Selber compiliert oder genkernel?

----------

## chrisvoid

selber, willst die config? ;) 

ich habe den eindruck, dass das porblem mit den unstable bcm4400 treiber zusammenhaengt (die sind seit 2.6 im kernel) unter 2.4 konnte man die doch emergen...seit 2.6 muss ich uber ne andere eth online (sprich die kernelmodule von 2.6 fuer die broadcom karte sind muell) 

mfh

----------

## tobimat80

Also, ich hab das Problem auch. Allerdings liegt das glaube ich bei mir an der Hardware (zumindest teilweise) meines Laptops (habe ein HP nx7000). Der Freeze tritt nur auf, wenn ich einen Browser nutze (egal welchen) - nach einer bestimmten Zeit (dauert mal länger mal kürzer) friert das Ding ein - komplett. Nutze kernel-2.6.1-love5, KDE 3.2-rc1 und XF86-4.3.99.902. 

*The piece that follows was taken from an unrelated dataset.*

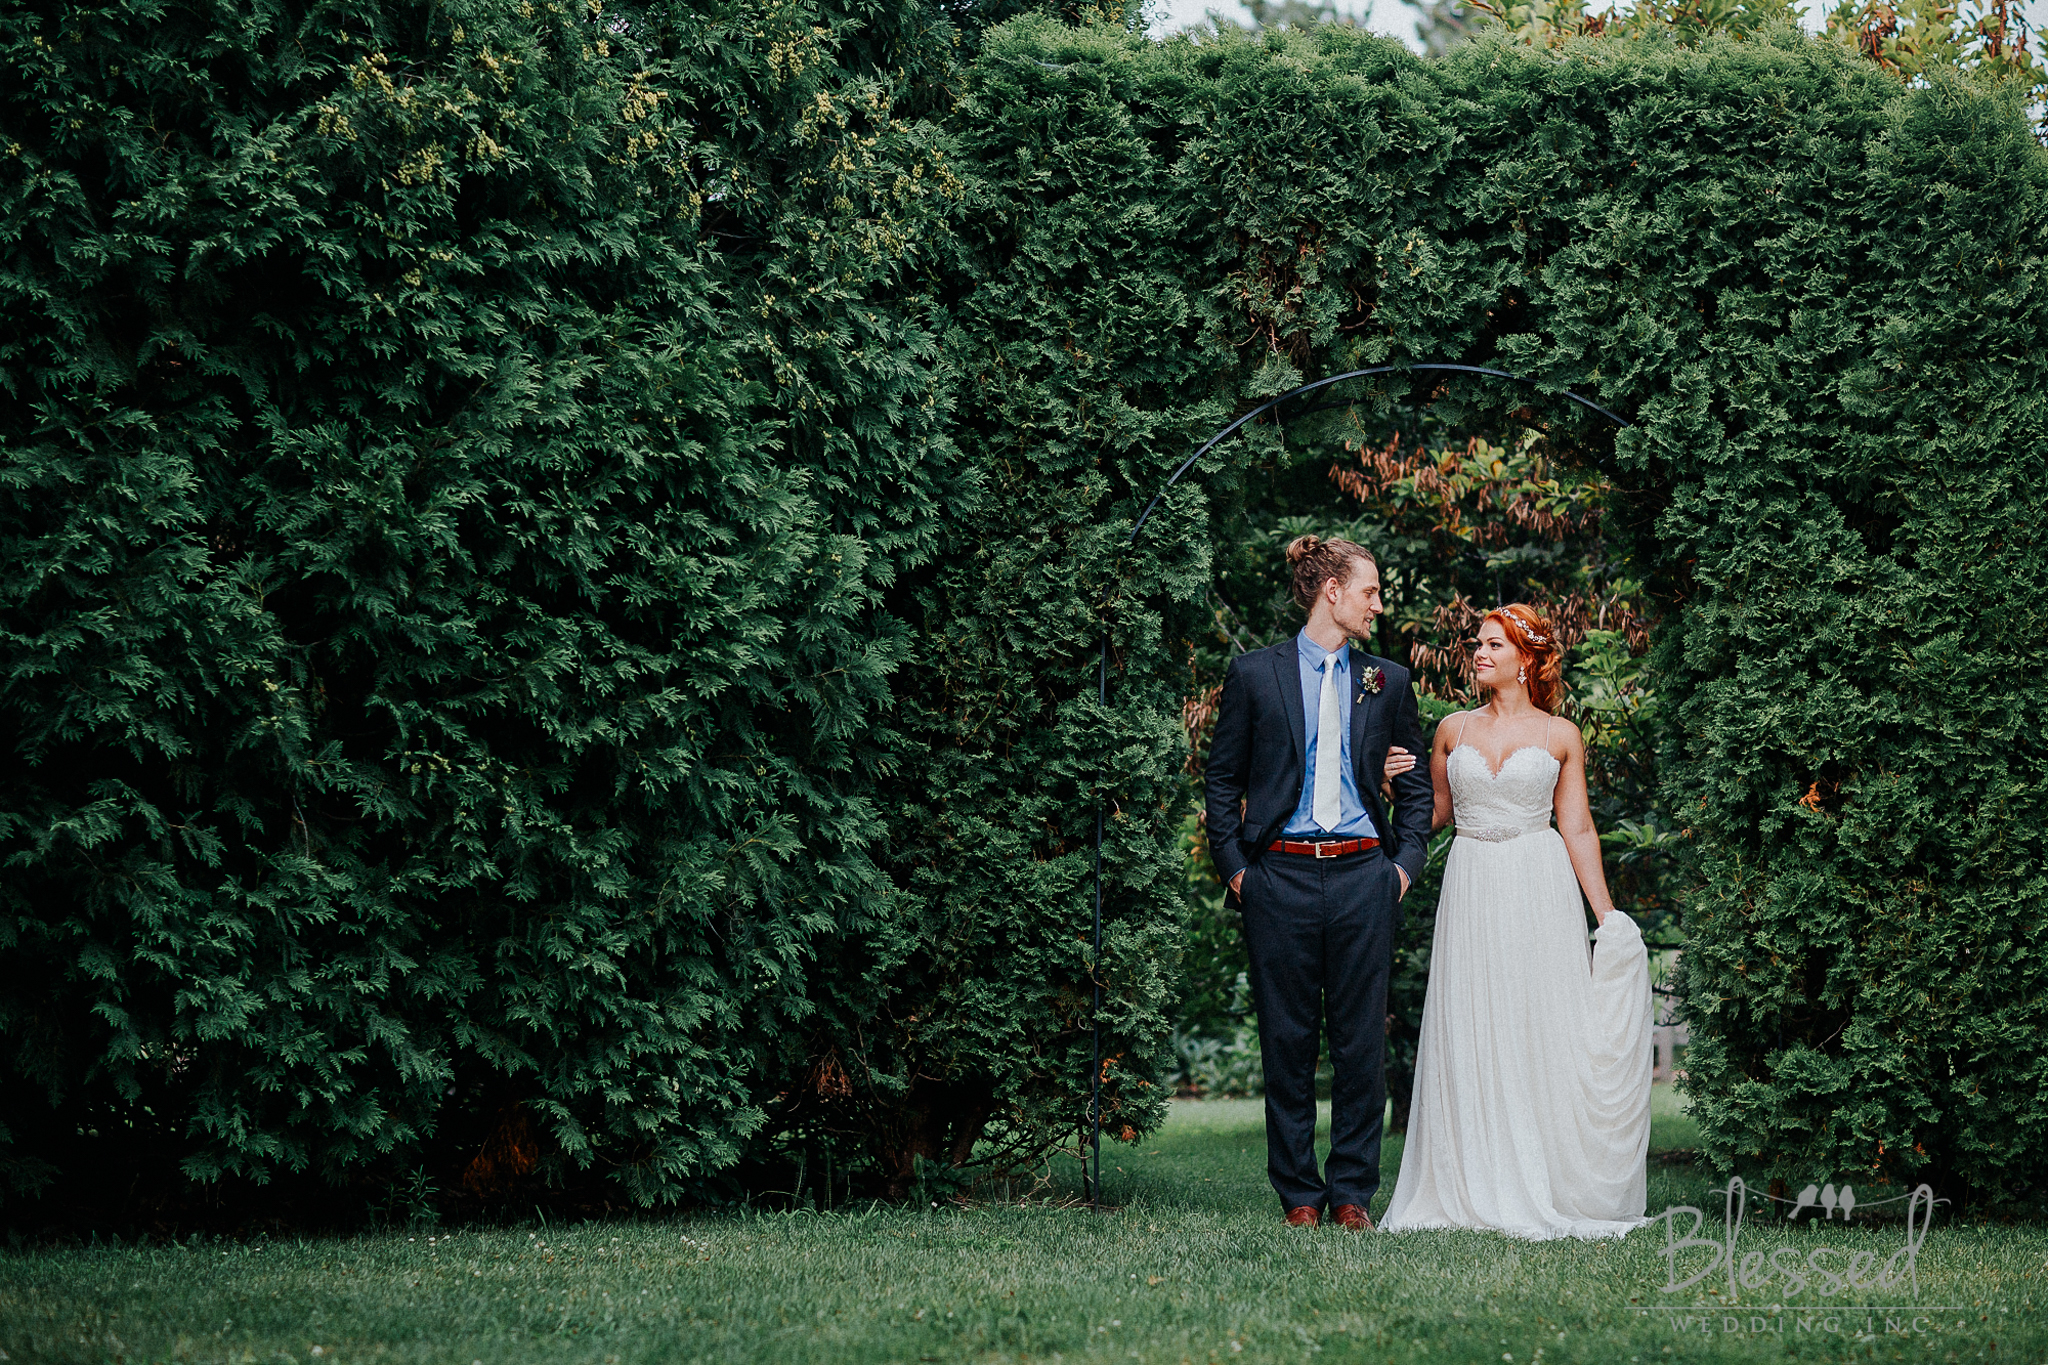 Destination Wedding Photography Minnesota By Blessed Wedding Photographers-49.jpg

Werde es wohl oder übel einschicken müssen (laut Support) - danach teste ichs nochmal und sag Bescheid.

Tippe aber irgendwie auch auf nen Speicherfehler.

----------

## meyerm

Dann lass doch erst mal memtest laufen. Das sagt Dir dann, ob's der Speicher ist. Und vor allem: falls Du eine Windows-CD haben solltest, installier das mal (baeh, ich weiss  :Wink:  ) und schau ob der Fehler da auch auftritt. Denn genau das machen die beim Support. Und wenn da nach 10 Minuten kein Problem auftritt schicken sie Dir das Geraet ungeaendert zurueck mit "Du Doof"  :Sad: 

Marcel

----------

## tobimat80

Hab Windoof noch drauf und da hängt sich der Kernel net auf. Da stürtzt das Ding komplett auf - ohne Vorwanung! Einfach !klack! und die Kiste ist aus. Der Fehler ist aber anscheinend bekannt, da er in den verschiedensten Foren besprochen wird. Doch der Kernel-freeze bei Linux wird damit irgendwie nicht erklärt. 

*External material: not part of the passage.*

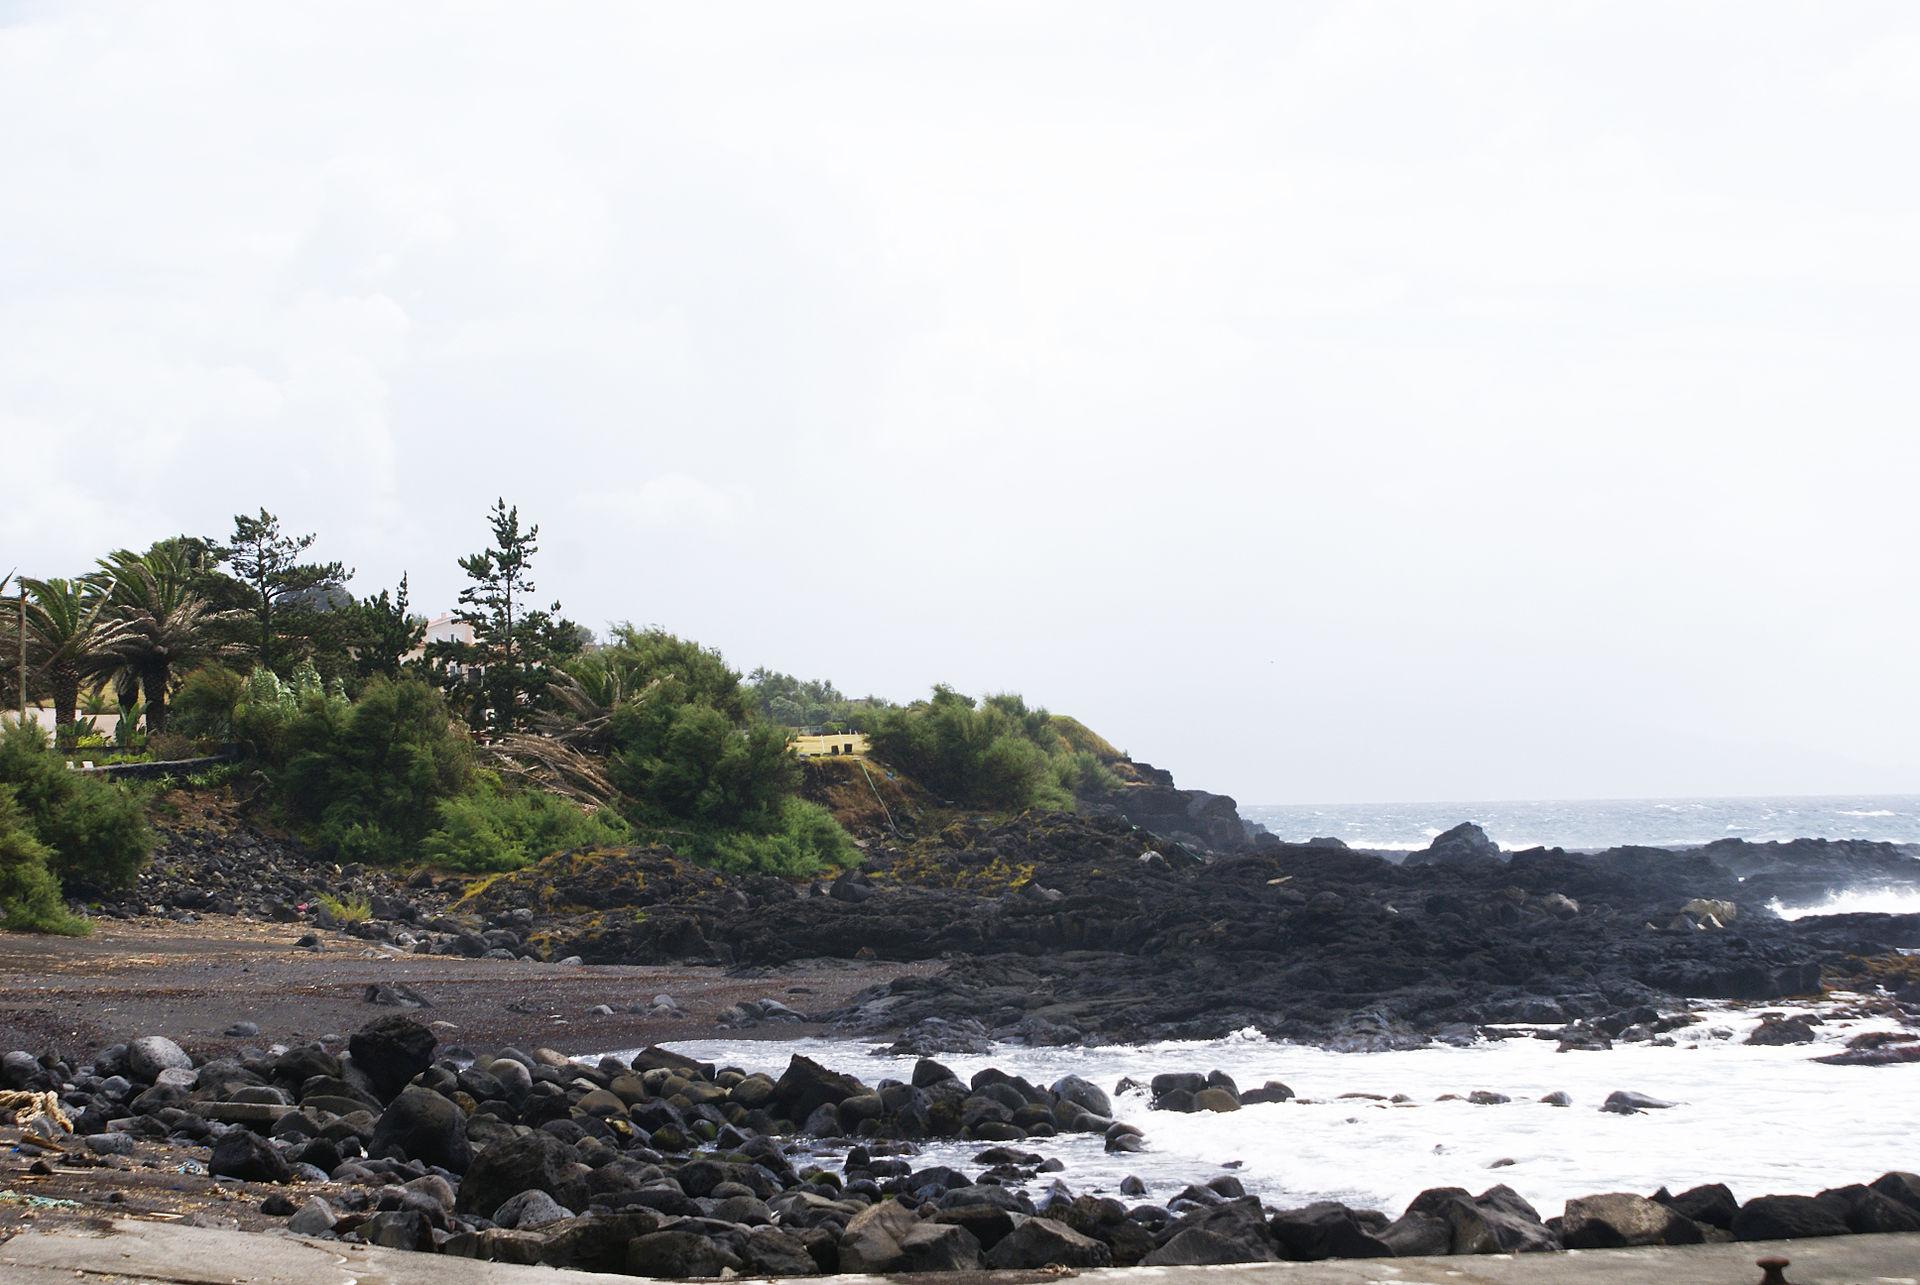 Praia da Feteira - Faial, Açores

Habe memtest mal am laufen!

Gruß

Tobi

----------

## _dan_

Ich habe das gleiche problem,

hab schon alles von stage1 bis stage3 durchprobiert und mir ist dabei aufgefallen das es immer eine netzwerkaktivitaet gegeben hat.

Ich denk aber nicht das die hardware bei mir einen knacks hat weil windows und freebsd ohne probleme laufen und nur gentoo abfuckt. 

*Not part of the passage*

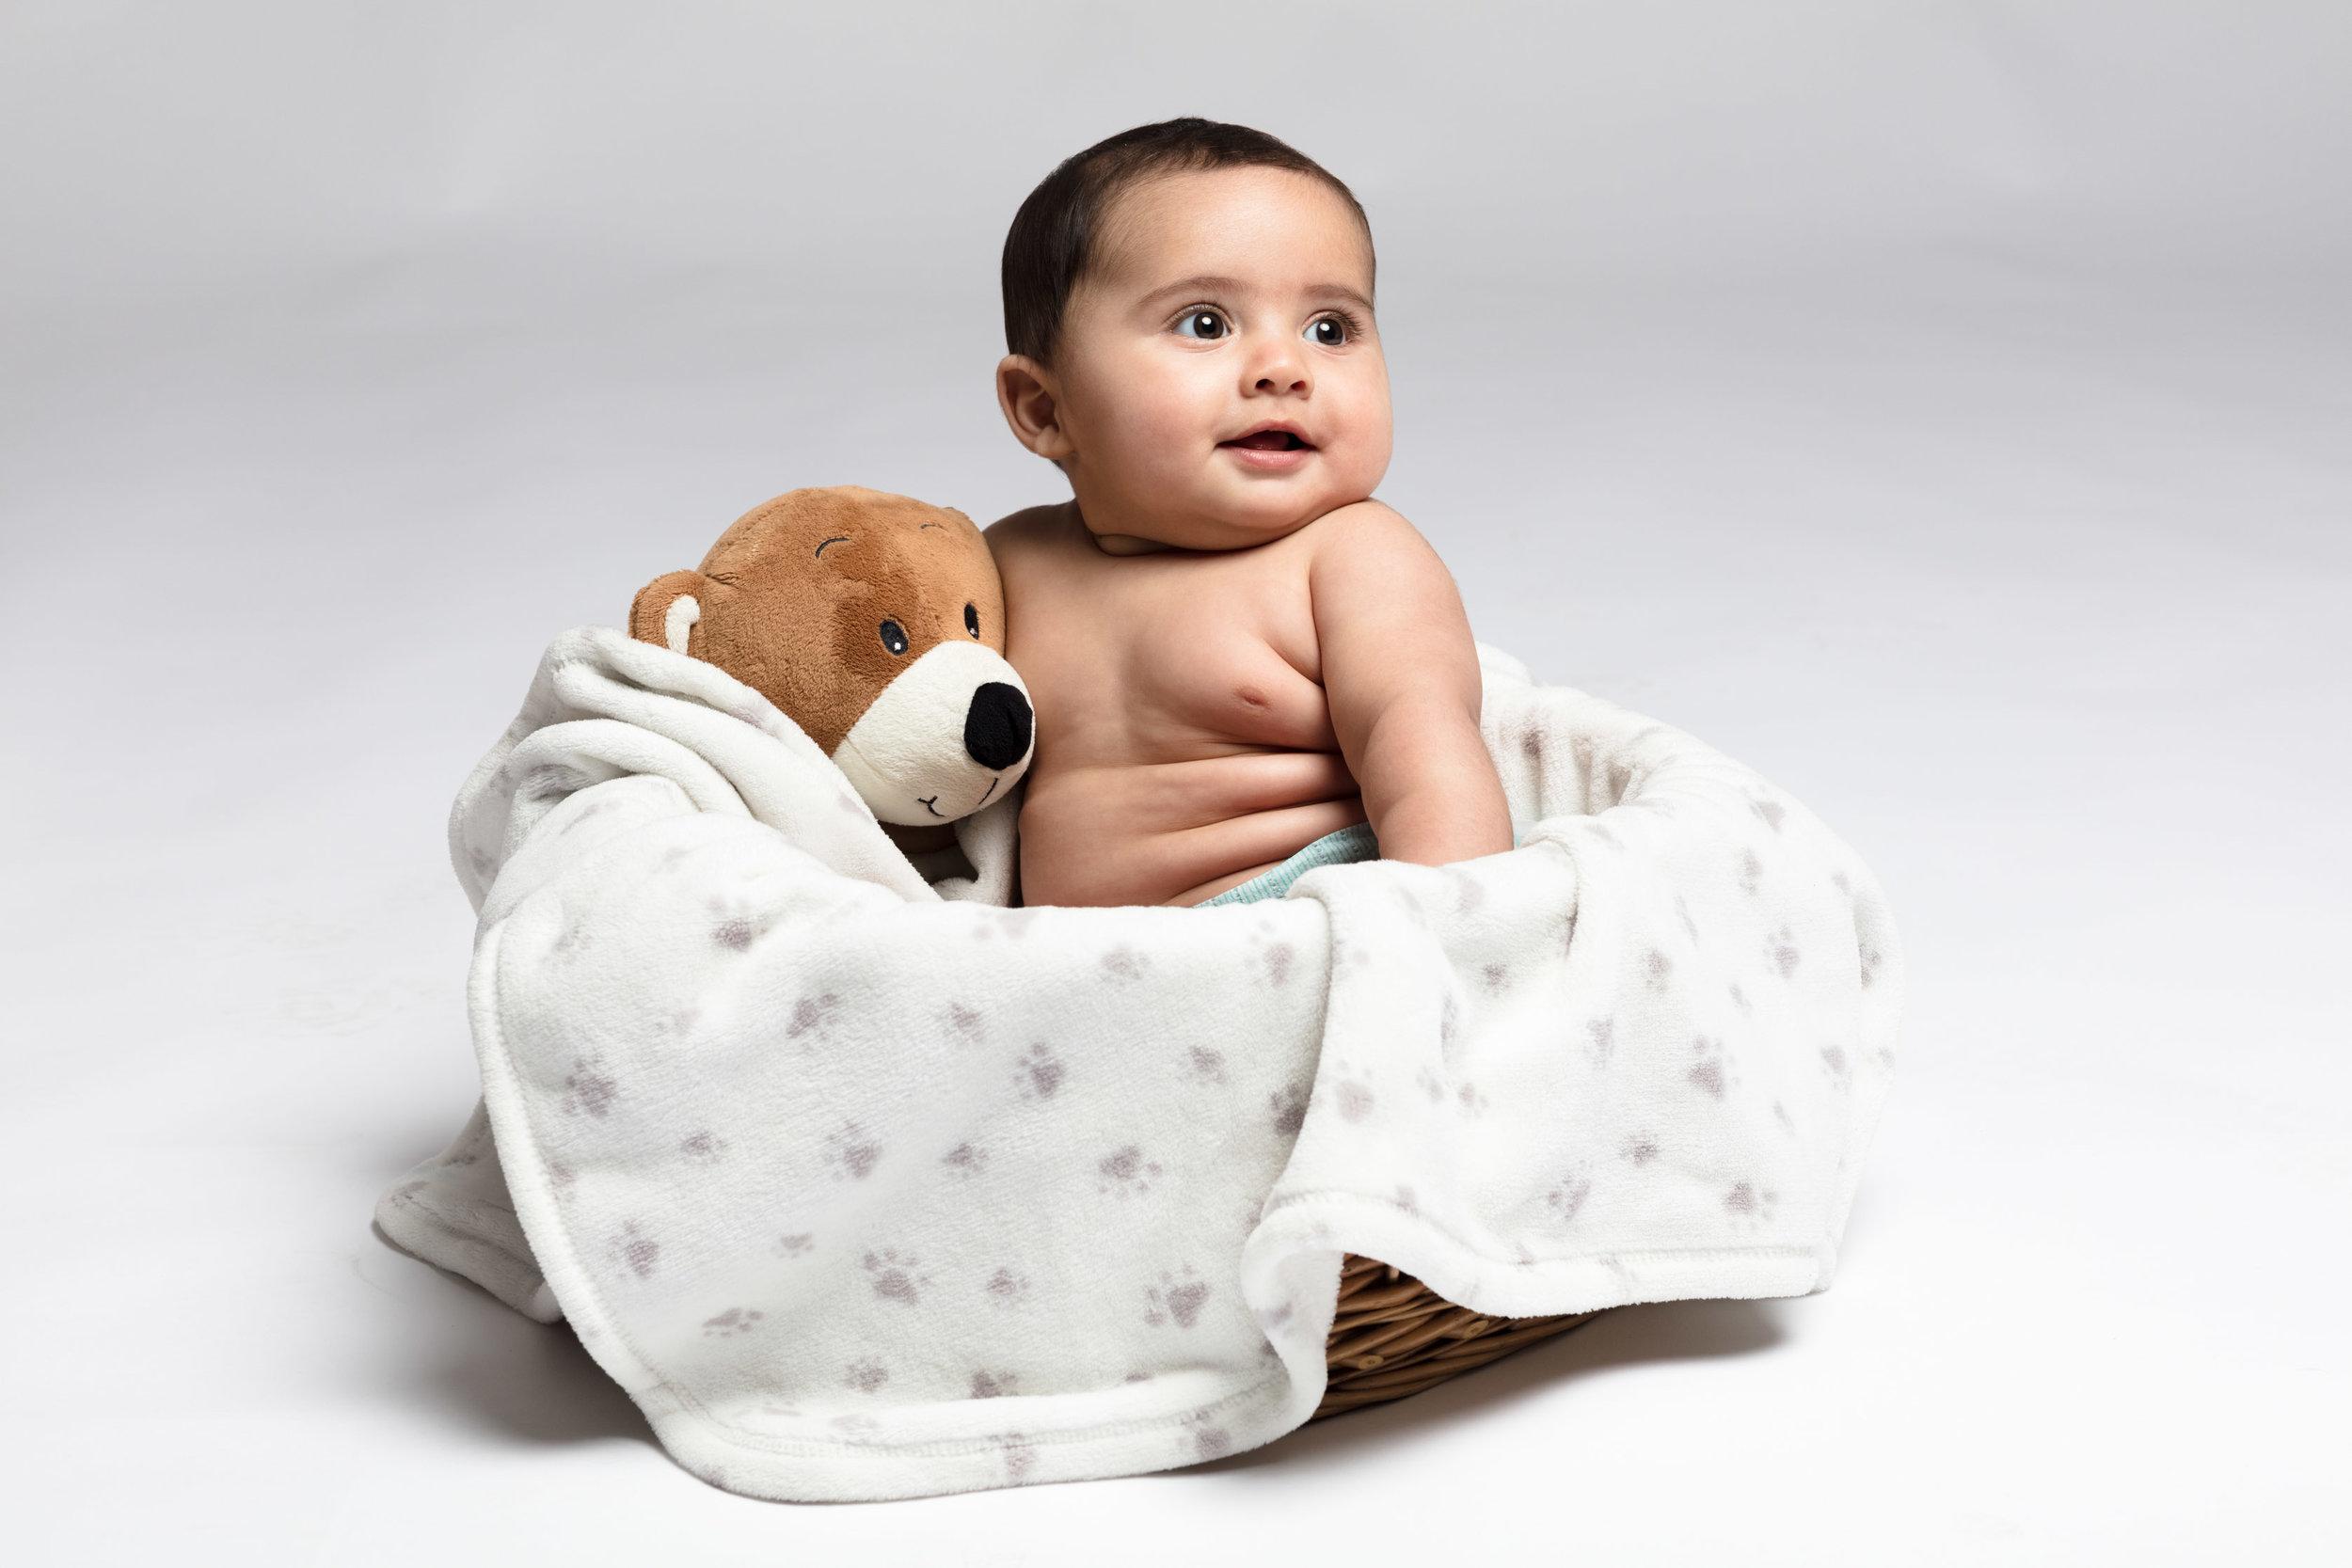 seance-photo-bebe.jpg

der englische thread dazu:

https://forums.gentoo.org/viewtopic.php?t=125145&highlight=system+freeze

EDIT:

Werd mal den framebuffer ausschalten versuchen nachdem ich:

https://forums.gentoo.org/viewtopic.php?t=79813&highlight=friert+ein

gelesen hab. speziell diese post hat mir etwas hoffnung gegeben:

 *Quote:*   

> Wenn Du den Framebuffer angeschaltet hast, dann würde ich diesen abstellen. Gerade die NVidia- und ATI-Treiber beissen sich recht gerne damit. Die Fehler reichen von den Dir beschriebenen Artefakten bis hin zum Einfrieren des Systems.
> 
> Persönliche Anmerkung: Warum eigentlich immer den Framebuffer in der Konsole? Das Dingen hat doch eigentlich keinen Sinn - es sei denn, man hat wirklich eine Grafikkarte für die es keine brauchbaren XFree-Treiber gibt. Abgesehen davon ist die Zukunft des Framebuffers mehr als fraglich. Meines Wissens nach soll die API komplett überarbeitet werden da sie momentan wohl eher an einen Flickenteppich als an strukturiertes Programmieren erinnert.

 

----------

## chrisvoid

ich werd testweise framebuffer und bcm440(bm44) modul rauswerfen, werde ueber evtl erfolge informieren...

mfg

----------

## Silv3r

ok macht das  :Wink: 

hab nämlich auch die broadcom treiber und framebuffer am laufen! memtest habe ich probiert, bei 99% hängte sich mein Lap leider auf! Dass die Speichertimings zu scharf eingestellt sind, kann ich mir nicht denken!

mfG

----------

## chrisvoid

hi,

mehr durch zufall hat sich die loesung des problems ergeben...schuld waren die neckarwerke stuttgart die vor ein paar tagen mehr stromschwankungen im netz hatten als meine cpu bogomips *G* 

danke fuer die hilfe, 

mfg

----------

## Silv3r

dass der Laptop zu wenig Strom bekommt, bezweifle ich! Aber könnte durchaus möglich sein! Mal schaun ob mehrer solche Probleme haben!

mfg

----------

## _dan_

yuhuu, mein system laeuft stabil  :Wink: 

habs jetz uebers wochenende endlich geschafft es stabil hinzubekommen.

Mein weg:

Installieren der GRP installation.

den 2.6.1 kernel installiert

emerge sync 

emerge -u world

dann mal eine weile damit gearbeitet und am sonntag wieder an framebuffer drangegangen der jetz auch funktioniert.

Konnte das problem zwar nicht nachvollziehen aber es scheint geloest zu sein da jetz alles gluecklicherweise ohne probleme funktioniert.

----------